The most recent common ancestor of first cousins, for example, is a grandparent; first cousins ​​share a great-grandparent, and so on.

After identifying a list of the most recent possible common ancestors, Wein and Ertürk’s method “aggressively” populates the family tree with their descendants, even if there is only a slim chance that the ancestor of the target is on the list.

This leap is accomplished by using probability theory to track research progress. “We do this by describing the reconstructed family tree as a set of probabilities that represent the probability that each person on our tree is a correct ancestor of the target,” Ertürk explains. “Then by looking at those probabilities, you can tell which parts of the tree you should explore more.”

This approach proves effective even with smaller family trees, which means faster resolution times. After performing hundreds of simulated searches, Wein and Ertürk conclude that their method can solve a case with a family tree of 7,500 people about 94% of the time. The success rate of the standard method in these cases is about 4%.
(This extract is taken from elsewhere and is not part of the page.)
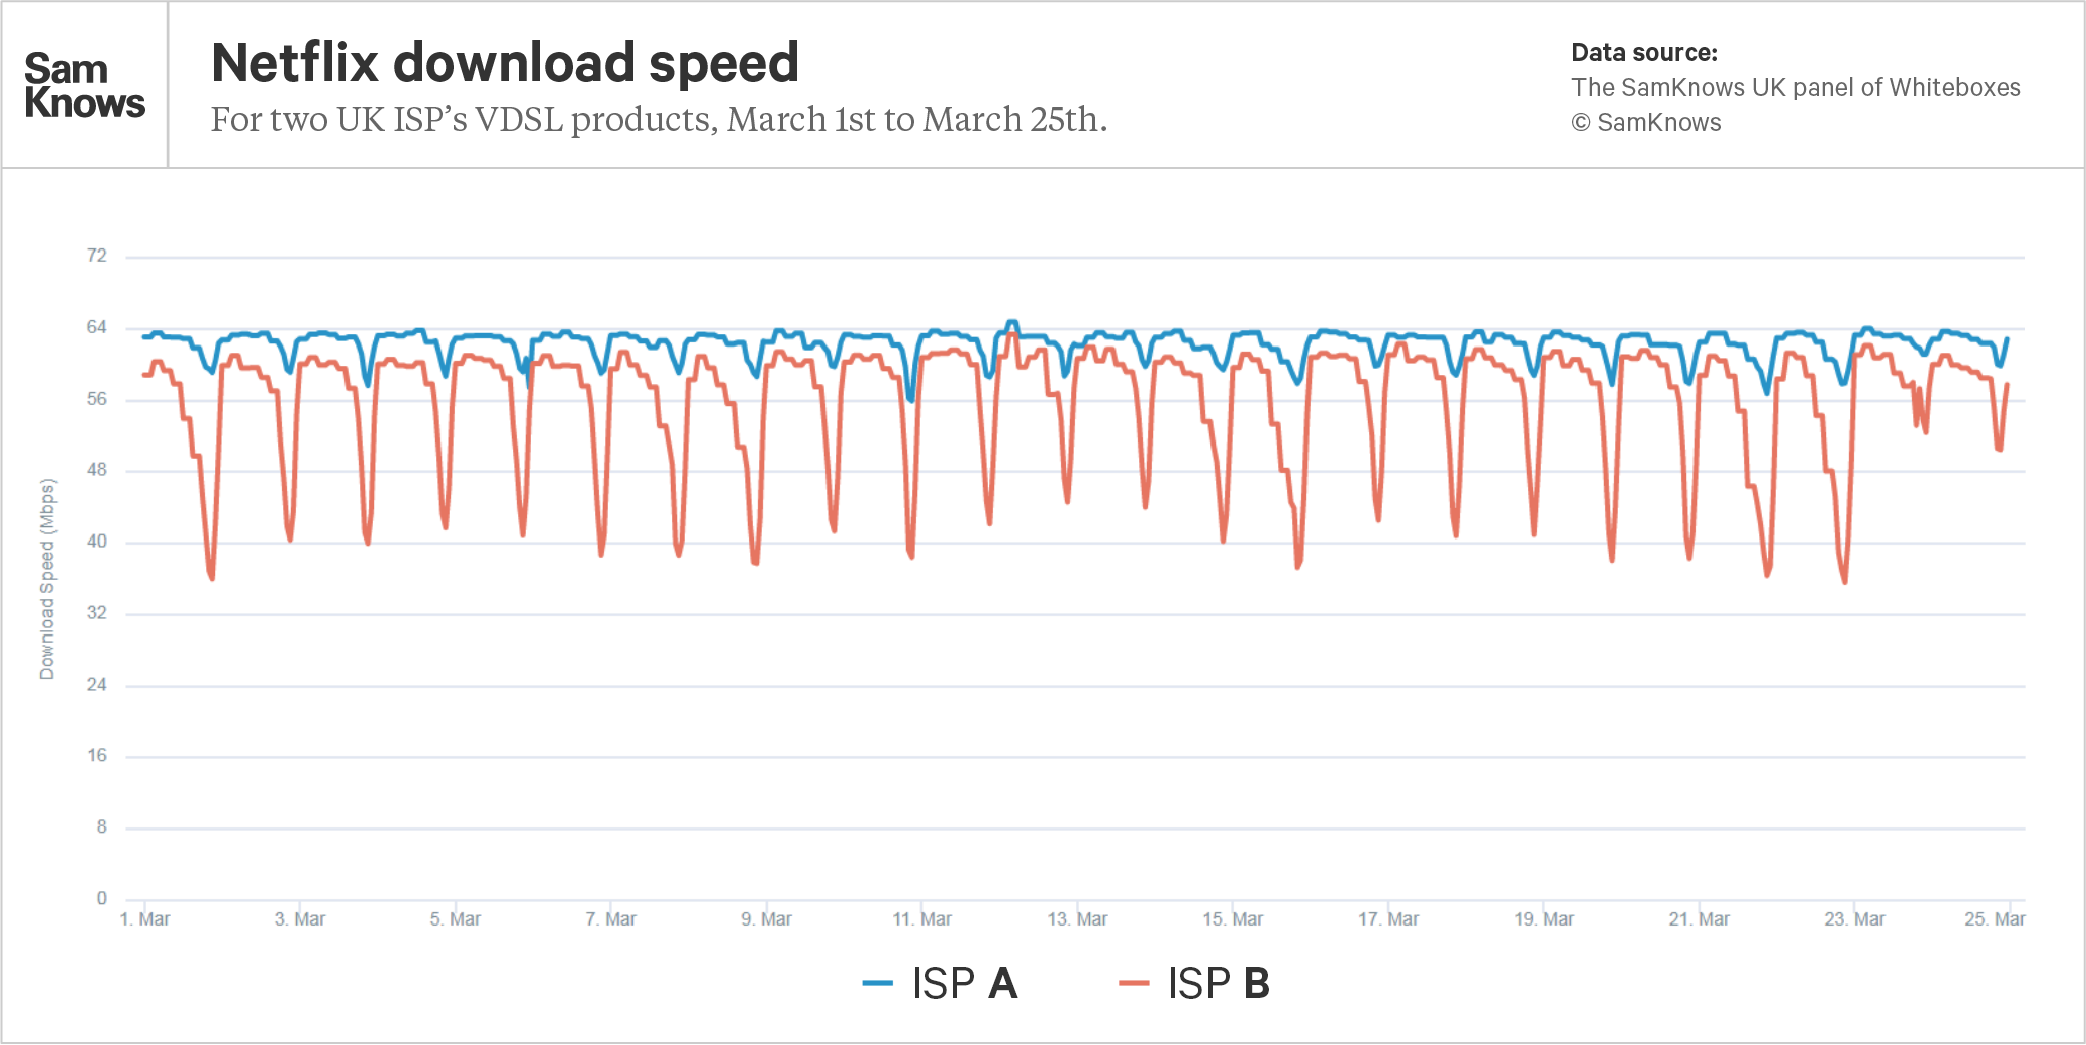 Netflix download speed for two ISPs' VDSL products, March 1st to March 25th.

Wein hopes these findings will help Project DNA Doe and other investigators refine their approach and solve more cases. He notes that his analysis ignores some of the “tricks” used by genetic researchers to narrow their searches, such as focusing on family members who lived in a particular location.

“Our algorithm is in no way intended to replace genealogists,” he says. “But if they’re really stuck, it will give them ideas that may not be obvious.”

Wein sees forensic genetic genealogy as another crime-solving tool that can be improved so that it can deliver on its promise.

“It’s an interesting field that combines probability and statistics and optimization and sometimes game theory,” he says. “That’s how, from a mathematical point of view, I stayed attracted to these problems.”

Source: Dave Gilson for Stanford University

This article originally appeared in Futurity. It has been republished under the Attribution 4.0 International license.

#Math #solve #forensic #genetic #cases #times #faster

Leave a Comment

Your email address will not be published.